Директор осторожно прикоснулся пальцами, — явственно ощущались глубокие царапины, как если бы те когти были из алмаза. Или закалённой стали.
Осмотр залов показал: везде порядок. Тихо и чисто. Никаких следов присутствия когтистой птицы. Но Директор не был бы Директором, если бы не решил всенепременно выяснить, что произошло ночью в его музее. И поступил он естественным образом: решил вечером побеседовать с единственным вероятным свидетелем ночных событий — Музейным.
Домовой вышел к скамеечке с зажжённой свечкой не сразу и выглядел недовольным. Борода у него была всклокочена сверх обычного, а любимая жилетка застёгнута как-то наперекосяк.
– Не выспался? — сочувственно спросил, поздоровавшись, Директор. Музейный хмыкнул что-то неопределённое. Впрочем, от предложенного угощения — пакетика с орехами — отказываться не стал, тут же отправил в рот горсть солёных фисташек. Они привели его в улучшенное расположение духа, и разговор, хоть и короткий, состоялся.
Не сообщив, впрочем, ничего конкретного, Музейный пообещал к утру выложить диктофон с записью.
– Поброжу — расскажу, — пообещал он. — Непростая история-то. Так вот с пенька да на завалинку не расскажешь. Да и он — позволит ли…
– Кто он? — тут же спросил Директор. Но Музейный только махнул рукой и исчез в тёмном углу. Даже и не попрощался толком.
Оставалось только ждать.
Утром диктофон с обещанной записью лежал на скамеечке. Взамен оставленной пары чупа-чупсов…
«… ну вот, стал-быть, такие дела. Дело-то непростецкое, вот ить как. А и кто бы на его месте не взволновался-то? На музейном, испонатном месте? Когда вся-то ранешняя жизнь у тебя была — свобода да полёт, а теперь — шкаф да пыль?
(молчит, вздыхает, что-то невнятно бормочет)
… ох, судьба-судьбинушка… По-разному здесь всё, в музее-то. Кому в радость тишина и покой, кому скучается по своему делу — это струмент разный жалуется, бывает.
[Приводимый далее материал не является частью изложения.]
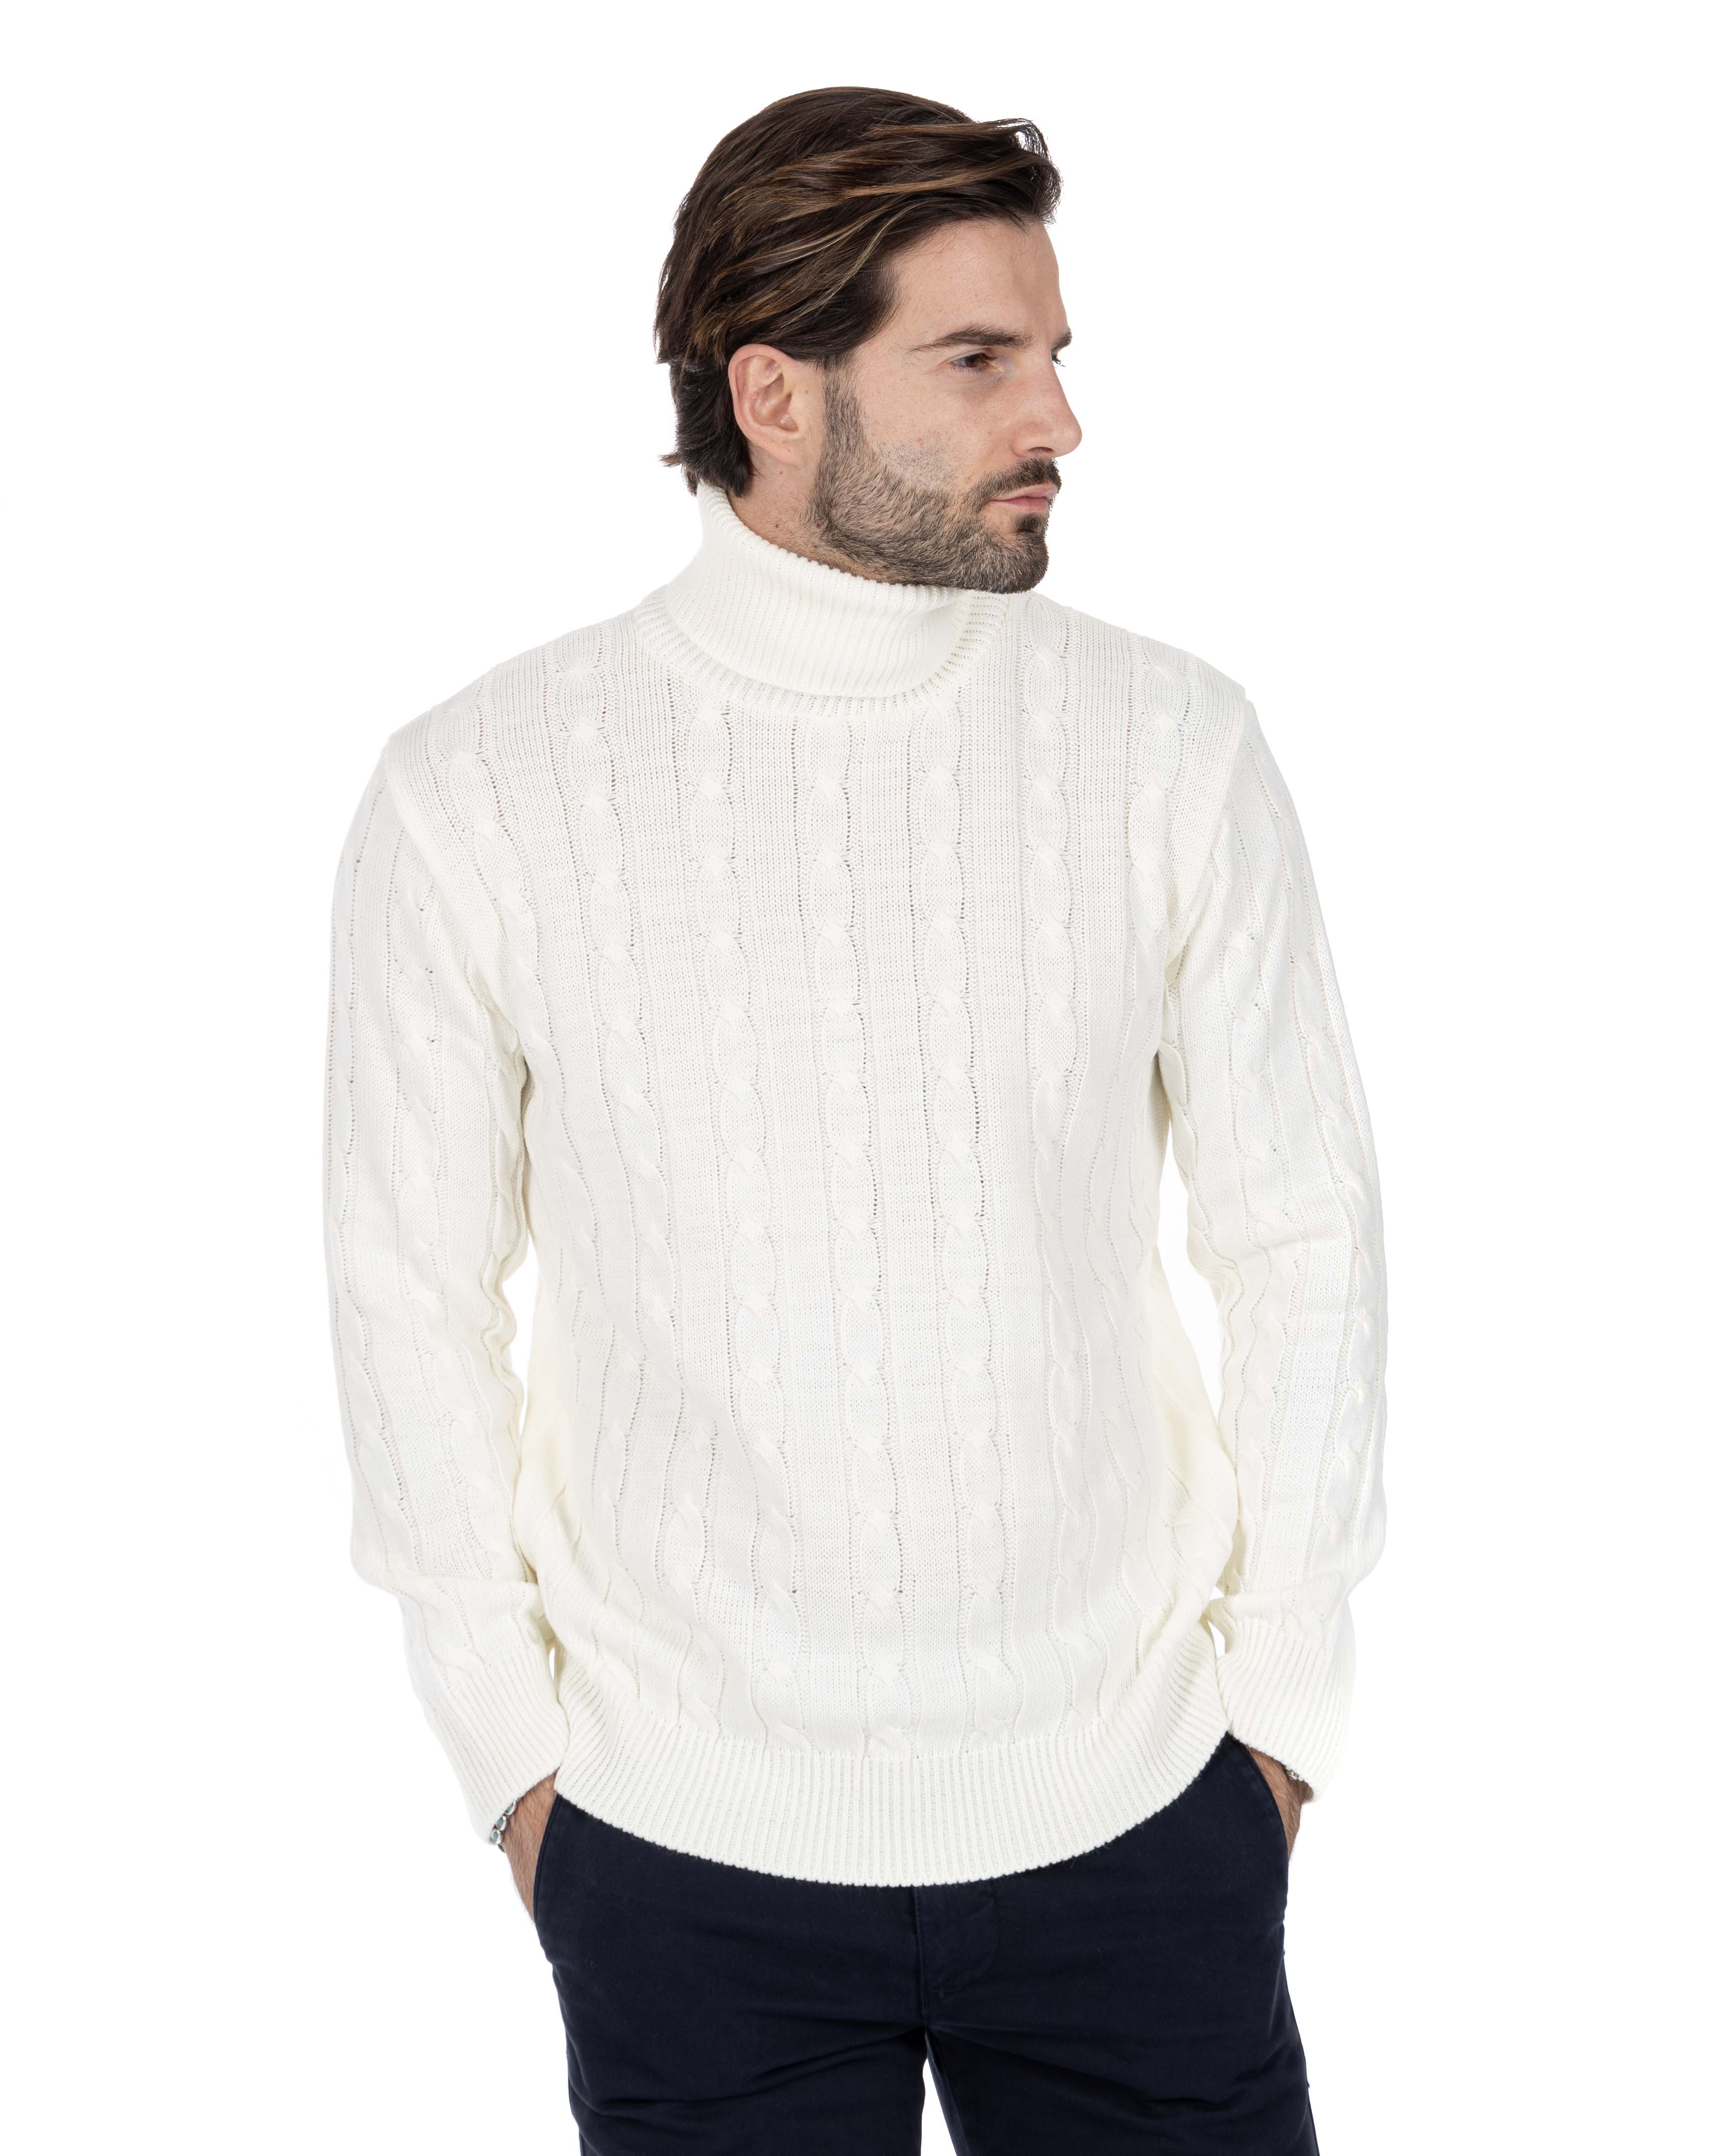 Crovie - maglione bianco con trecce collo alto

Ну, а кому тут и прям тюрьма. Ить подумать горько: вольной птице — и чучелой стать? А? Вот и гляди.
Значится, по началу февраля-месяца с ним, крылатым, такое и случается. Я так понимаю, ветры его будоражат. Дуют там по-над островом, завывают. Нам-то уют, что за стеной спрятались. А ему, видать, горестно, ага. Помнит волю-то, помнит! Раньше, помню, клювом бился. Эх, порушил весь клюв-то себе, смотреть горестно! Теперь уж только царапать… Весь год, почитай, силы копит, да в одну ночь и выхлестнет.
Место ему в зале самое высокое выделено, а как же. Положено так. Птица гордая, знатная. Ампираторская, что ты! По всей ольхонской земле главная. Это уж так с древности повелось: почитать орла белоголового превыше любой птицы, любого зверя. А всё почему? Потому что память такая есть в народе, что самый первый орёл был и не птицей даже, а то ли самым наиглавнейшим здесь божеством, то ли сыном его. Вот как! И первым шаманом. Дар ему был такой от богов-тэнгриев. А уж от него все шаманы-то и пошли, и по сей день считаются они — орлиного роду-племени.
Ране как было? Идёт человек, увидал дерево с гнездом орлиным — кланяется. Иль на лодке мимо скал с гнездом плывёт — опять же поклон с уважением. Нипочём не серчали, ежели птица со стойбища на корм себе курицу унесёт, или, допустим, ягнёнка. Напротив, радовались: не побрезговал хозяин, угостился. Значит, удачу принесёт, достаток.
А то тайлаган устраивают: угощение такое. Не один кто, а всем миром! Самому орлу-хозяину — барашка, жене его — утку, а орлу-сыну — зайца. Хорошее угощение, куды с добром. Должно быть, оттого орлы человека не больно-то боялись, доверяли ему. Ить как раньше считалось — нипочём нельзя такую птицу обижать, грех это большой, а ежели поранить или убить — так скоро и тебе беда придёт, большая беда! Ох ты ж… (слышны неясные звуки)
… тише, тише. Перья-то пожалел бы, новые ить не отрастут уже… Щас, дай-ко уйду из залы, волнуется, вишь. Орёл, он же речь человечью понимает, это буряты завсегда знали… (пауза, шаркающие шаги)
… ну вот, здесь уж не слышно ему меня, поспокойнее, ага. И вот ведь какая штука. По-всякому у меня бывает с испонатами: какие охотно разговор ведут, какие сторожатся, то ли по скромности, то ли гордыня какая… А с им, орлом-то нашим, и вовсе тяжко. Должен был он в ольхонской земле остаться, к предкам своим вернуться. А стал чучелой. И ни за что не хочет говорить, что и как с ним случилось. Клекочет только. Серчает. Да я не настаиваю, чего ворошить тяжёлое да обидное. Злое.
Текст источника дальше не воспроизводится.